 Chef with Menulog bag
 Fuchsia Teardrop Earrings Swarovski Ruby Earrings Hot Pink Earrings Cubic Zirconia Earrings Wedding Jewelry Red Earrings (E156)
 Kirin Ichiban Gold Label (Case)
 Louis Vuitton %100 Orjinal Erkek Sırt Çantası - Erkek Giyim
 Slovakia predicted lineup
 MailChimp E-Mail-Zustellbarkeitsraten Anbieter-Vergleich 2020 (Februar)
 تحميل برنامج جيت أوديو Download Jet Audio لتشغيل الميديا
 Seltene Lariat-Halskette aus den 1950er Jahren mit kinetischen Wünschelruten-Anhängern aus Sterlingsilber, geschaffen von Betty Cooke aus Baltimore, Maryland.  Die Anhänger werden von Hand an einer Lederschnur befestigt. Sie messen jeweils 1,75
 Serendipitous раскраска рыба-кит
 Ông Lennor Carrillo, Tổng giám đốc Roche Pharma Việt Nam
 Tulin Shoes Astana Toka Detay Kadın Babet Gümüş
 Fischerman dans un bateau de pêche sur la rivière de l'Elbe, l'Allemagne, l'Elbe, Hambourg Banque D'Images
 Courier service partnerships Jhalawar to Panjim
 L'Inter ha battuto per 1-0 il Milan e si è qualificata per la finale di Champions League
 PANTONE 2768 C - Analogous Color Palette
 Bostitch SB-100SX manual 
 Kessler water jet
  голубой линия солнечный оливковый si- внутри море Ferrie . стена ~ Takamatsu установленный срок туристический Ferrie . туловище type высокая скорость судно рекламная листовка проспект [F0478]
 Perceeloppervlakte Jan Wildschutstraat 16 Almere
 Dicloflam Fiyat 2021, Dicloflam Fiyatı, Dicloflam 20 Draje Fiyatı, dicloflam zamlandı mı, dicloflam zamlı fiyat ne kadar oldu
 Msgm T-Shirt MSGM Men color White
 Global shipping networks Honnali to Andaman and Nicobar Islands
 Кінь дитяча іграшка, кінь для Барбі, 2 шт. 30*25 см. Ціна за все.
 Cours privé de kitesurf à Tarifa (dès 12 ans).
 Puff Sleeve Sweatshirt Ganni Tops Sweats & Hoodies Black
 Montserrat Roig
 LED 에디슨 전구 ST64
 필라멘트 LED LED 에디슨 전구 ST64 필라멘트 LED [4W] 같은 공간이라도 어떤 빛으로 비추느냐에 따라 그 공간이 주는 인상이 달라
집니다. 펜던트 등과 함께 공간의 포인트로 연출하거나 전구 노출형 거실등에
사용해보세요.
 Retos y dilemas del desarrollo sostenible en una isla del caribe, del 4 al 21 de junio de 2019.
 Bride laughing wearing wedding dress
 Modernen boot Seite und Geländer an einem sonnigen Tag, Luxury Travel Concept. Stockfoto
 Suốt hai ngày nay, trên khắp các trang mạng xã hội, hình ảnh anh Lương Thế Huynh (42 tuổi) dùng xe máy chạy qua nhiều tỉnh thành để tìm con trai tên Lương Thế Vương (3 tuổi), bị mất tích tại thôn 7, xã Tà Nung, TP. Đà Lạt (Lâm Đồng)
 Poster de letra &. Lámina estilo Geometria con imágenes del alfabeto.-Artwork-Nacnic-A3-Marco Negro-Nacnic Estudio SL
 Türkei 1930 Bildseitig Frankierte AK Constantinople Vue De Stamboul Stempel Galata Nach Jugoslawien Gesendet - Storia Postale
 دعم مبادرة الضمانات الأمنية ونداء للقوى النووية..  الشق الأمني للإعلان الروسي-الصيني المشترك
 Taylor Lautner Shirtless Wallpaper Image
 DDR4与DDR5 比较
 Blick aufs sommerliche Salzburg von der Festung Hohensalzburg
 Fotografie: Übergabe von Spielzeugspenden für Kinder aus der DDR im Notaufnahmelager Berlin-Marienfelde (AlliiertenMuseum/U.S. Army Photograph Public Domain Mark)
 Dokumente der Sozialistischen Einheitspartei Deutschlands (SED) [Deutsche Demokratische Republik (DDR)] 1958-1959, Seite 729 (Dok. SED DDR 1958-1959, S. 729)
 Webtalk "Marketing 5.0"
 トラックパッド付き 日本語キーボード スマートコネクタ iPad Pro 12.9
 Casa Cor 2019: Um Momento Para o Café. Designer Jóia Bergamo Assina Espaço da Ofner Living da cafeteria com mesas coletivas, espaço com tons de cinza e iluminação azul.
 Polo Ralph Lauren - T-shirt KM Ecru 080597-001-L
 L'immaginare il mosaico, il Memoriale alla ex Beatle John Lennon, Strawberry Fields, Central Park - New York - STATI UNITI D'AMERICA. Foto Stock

------------------------

_The problem_
The answer must be the lines from the one containing "Türkei 1930 Bildseitig" through the last line of the records, copied exactly, with nothing else.

_Task result_
 Türkei 1930 Bildseitig Frankierte AK Constantinople Vue De Stamboul Stempel Galata Nach Jugoslawien Gesendet - Storia Postale
 دعم مبادرة الضمانات الأمنية ونداء للقوى النووية..  الشق الأمني للإعلان الروسي-الصيني المشترك
 Taylor Lautner Shirtless Wallpaper Image
 DDR4与DDR5 比较
 Blick aufs sommerliche Salzburg von der Festung Hohensalzburg
 Fotografie: Übergabe von Spielzeugspenden für Kinder aus der DDR im Notaufnahmelager Berlin-Marienfelde (AlliiertenMuseum/U.S. Army Photograph Public Domain Mark)
 Dokumente der Sozialistischen Einheitspartei Deutschlands (SED) [Deutsche Demokratische Republik (DDR)] 1958-1959, Seite 729 (Dok. SED DDR 1958-1959, S. 729)
 Webtalk "Marketing 5.0"
 トラックパッド付き 日本語キーボード スマートコネクタ iPad Pro 12.9
 Casa Cor 2019: Um Momento Para o Café. Designer Jóia Bergamo Assina Espaço da Ofner Living da cafeteria com mesas coletivas, espaço com tons de cinza e iluminação azul.
 Polo Ralph Lauren - T-shirt KM Ecru 080597-001-L
 L'immaginare il mosaico, il Memoriale alla ex Beatle John Lennon, Strawberry Fields, Central Park - New York - STATI UNITI D'AMERICA. Foto Stock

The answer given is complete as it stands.